> **Data shown**
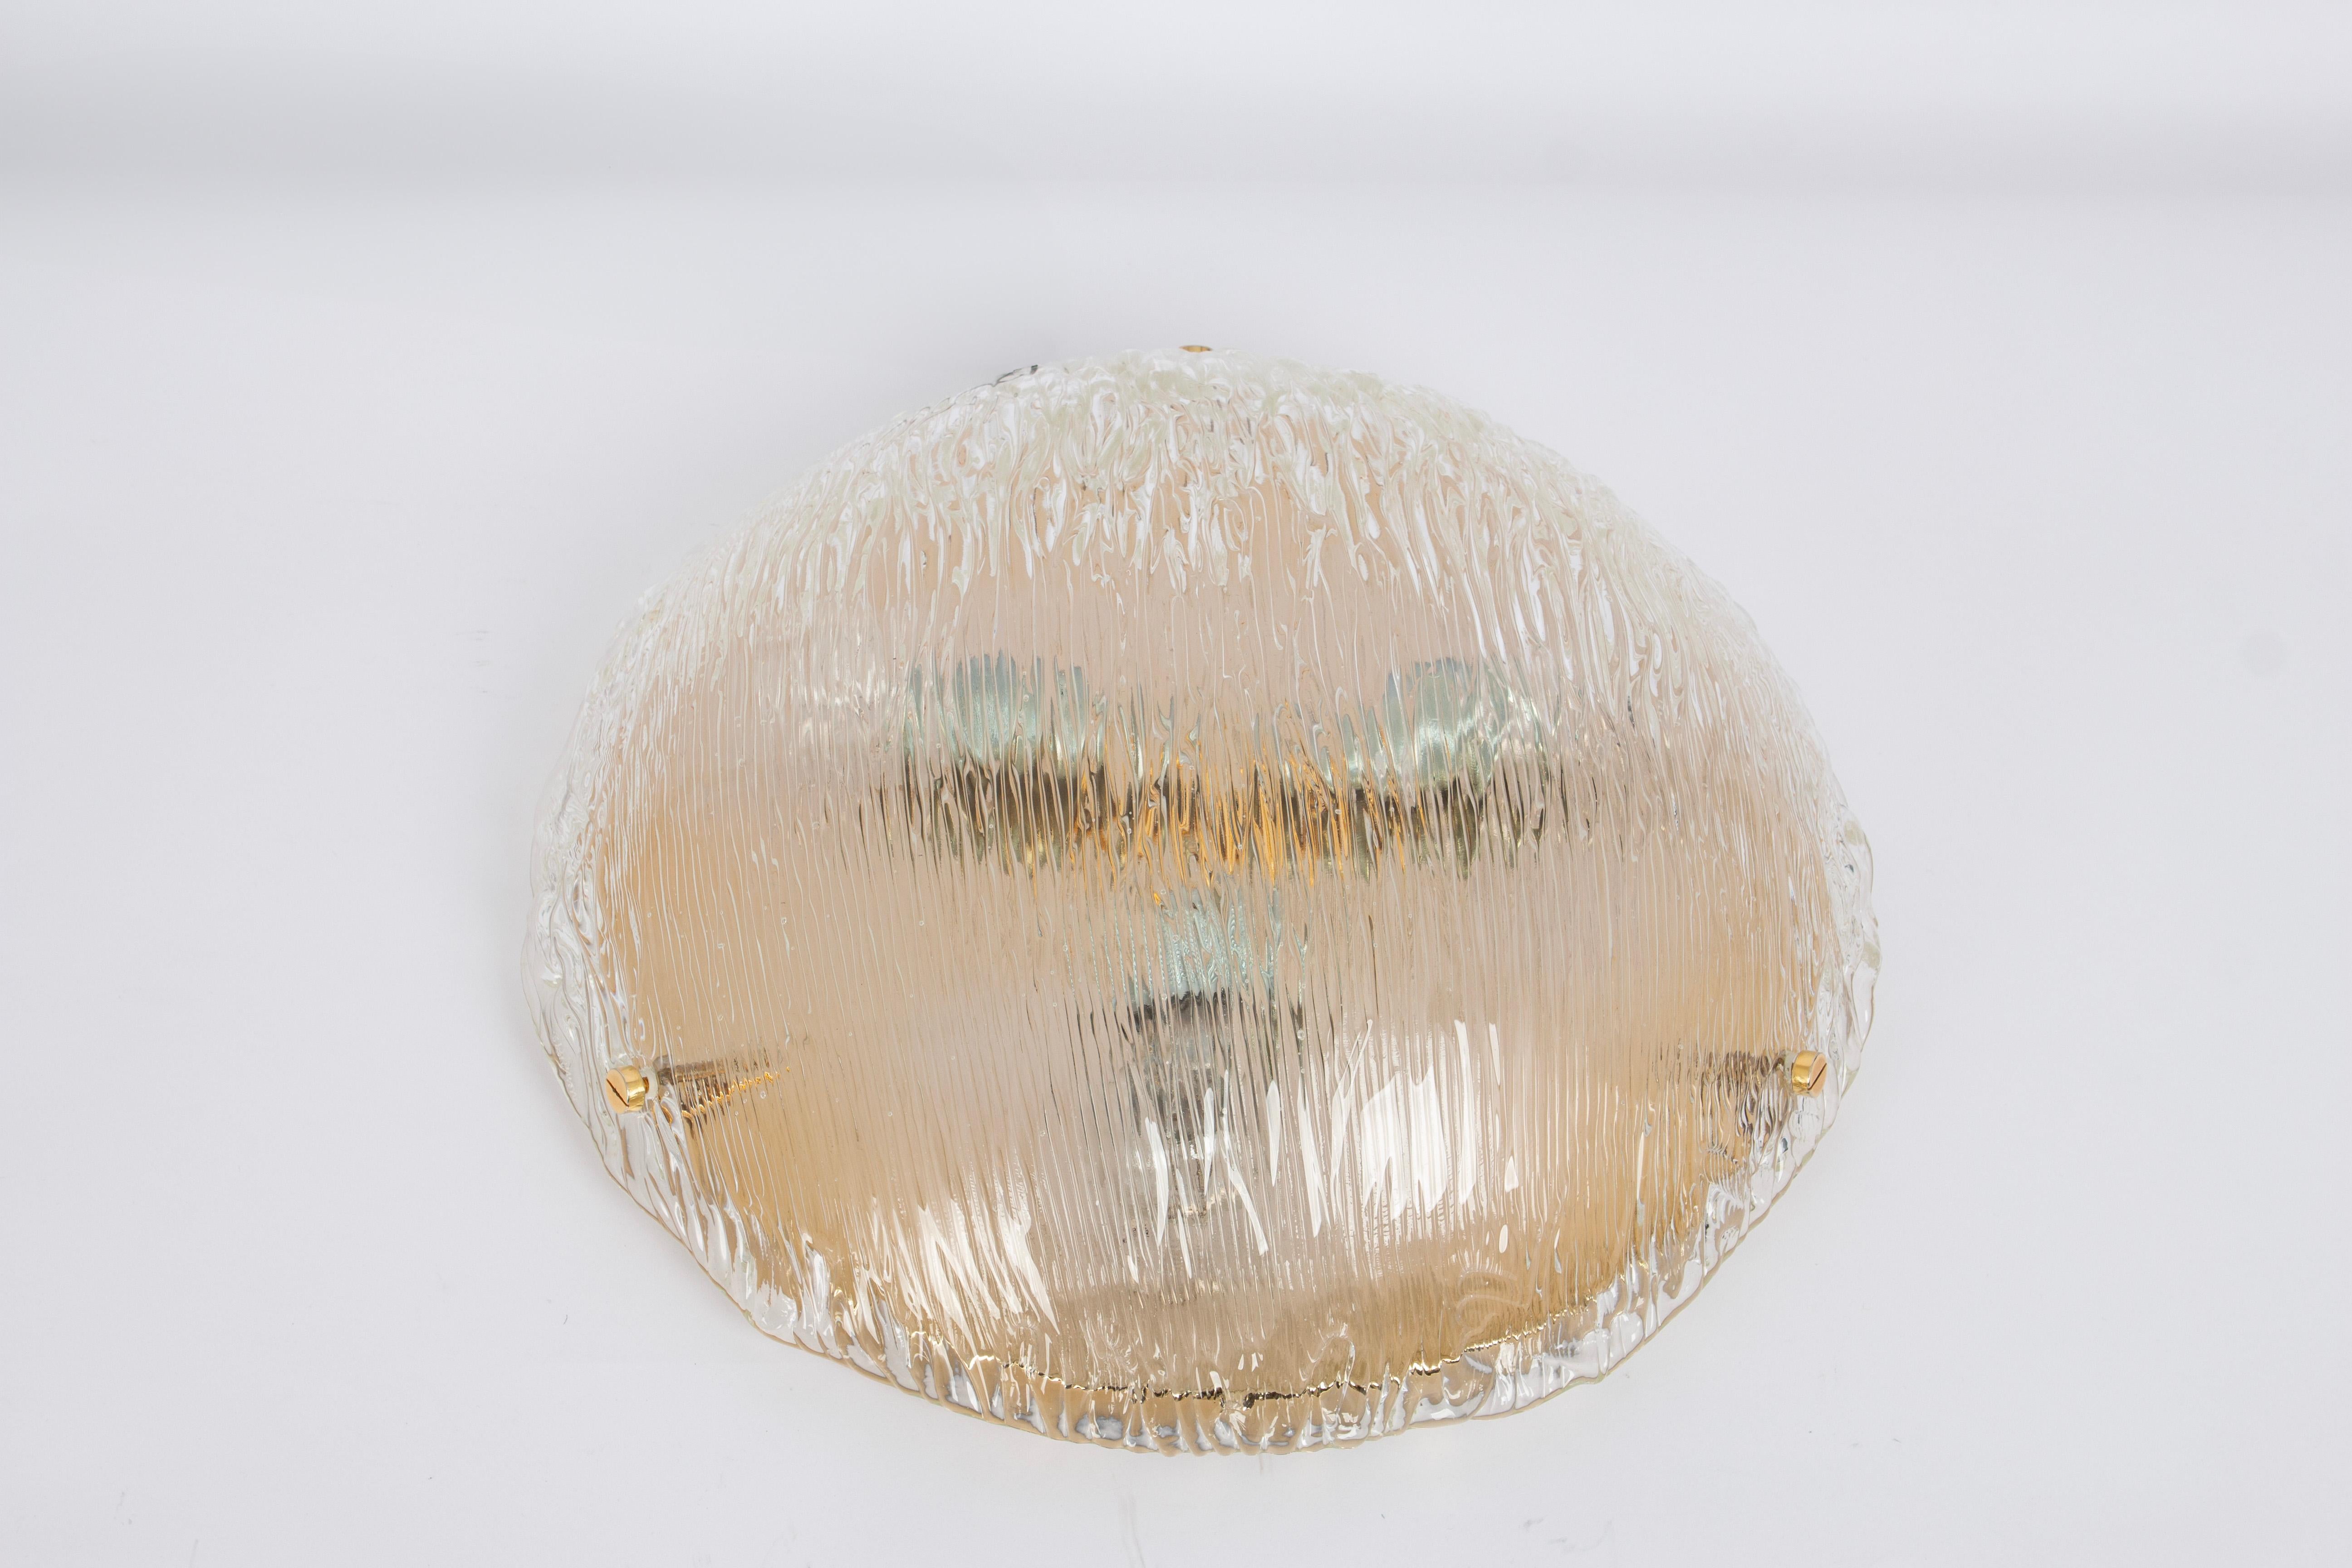 Large Venini ceiling lights attributed to Carlo Scarpa for Venini, 1960s.
Wonderful light effect.
The heavily textured and slightly iridescent glass dome is held in place by a brass knob

High quality and in very good condition. Cleaned, well-wired

> **What to produce**
Please provide an exact transcription of each line from the one holding "The heavily textured" through the final line of the data above.

> **Exercise solution**
The heavily textured and slightly iridescent glass dome is held in place by a brass knob

High quality and in very good condition. Cleaned, well-wired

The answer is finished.